PRICE T ROWE PERSONAL STRATEGY FUNDS INC
NSAR-B/A, EX-99.77B, 2000-08-02
Previous: PRICE T ROWE PERSONAL STRATEGY FUNDS INC, NSAR-B/A, 2000-08-02
Next: FLUSHING FINANCIAL CORP, 10-Q, 2000-08-02



June 19, 2000

To the Board of Directors of T. Rowe Price Personal Strategy Funds, Inc.
and Shareholders of T. Rowe Price Personal Strategy Balanced Fund,
T. Rowe Price Personal Strategy Growth Fund and T. Rowe Price
Personal Strategy Income Fund


In planning and performing our audits of the financial statements
of T. Rowe Price Personal Strategy Balanced Fund, T. Rowe Price
Personal Strategy Growth Fund and T. Rowe Price Personal Strategy
Income Fund (hereafter referred to as the "Funds") for the year ended
May 31, 2000, we considered their internal control, including control
activities for safeguarding securities, in order to determine our
auditing procedures for the purpose of expressing our opinion on the
financial statements and to comply with the requirements of
Form N-SAR, not to provide assurance on internal control.

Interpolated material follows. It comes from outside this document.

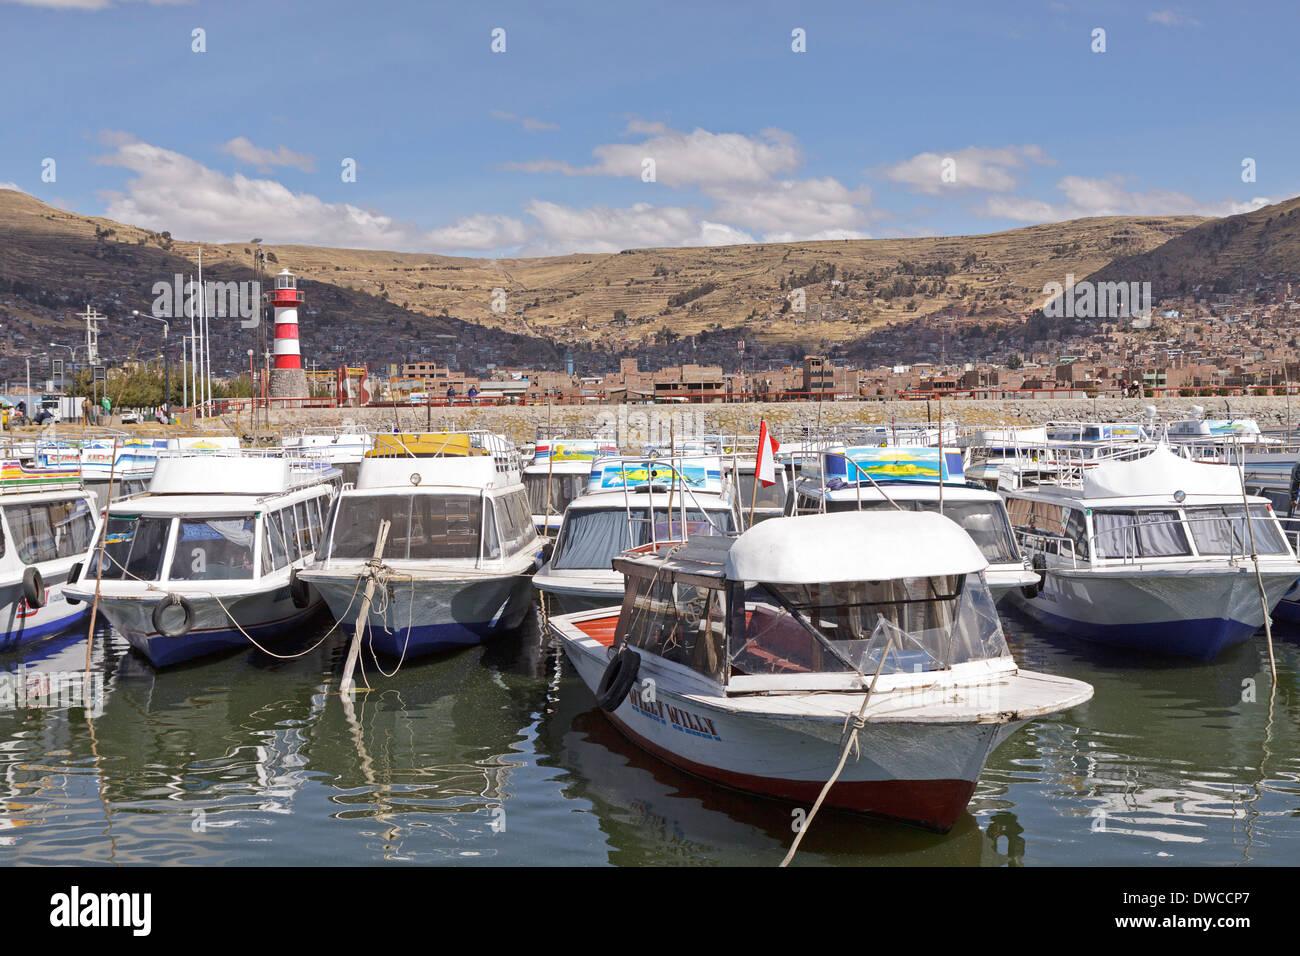 marina of Puno, Peru, South America - Stock Image

The management of the Funds is responsible for establishing and
maintaining internal control.  In fulfilling this responsibility,
estimates and judgments by management are required to assess the
expected benefits and related costs of controls.  Generally,
controls that are relevant to an audit pertain to the entity's
objective of preparing financial statements for external purposes
that are fairly presented in conformity with generally accepted
accounting principles.  Those controls include the safeguarding
of assets against unauthorized acquisition, use or disposition.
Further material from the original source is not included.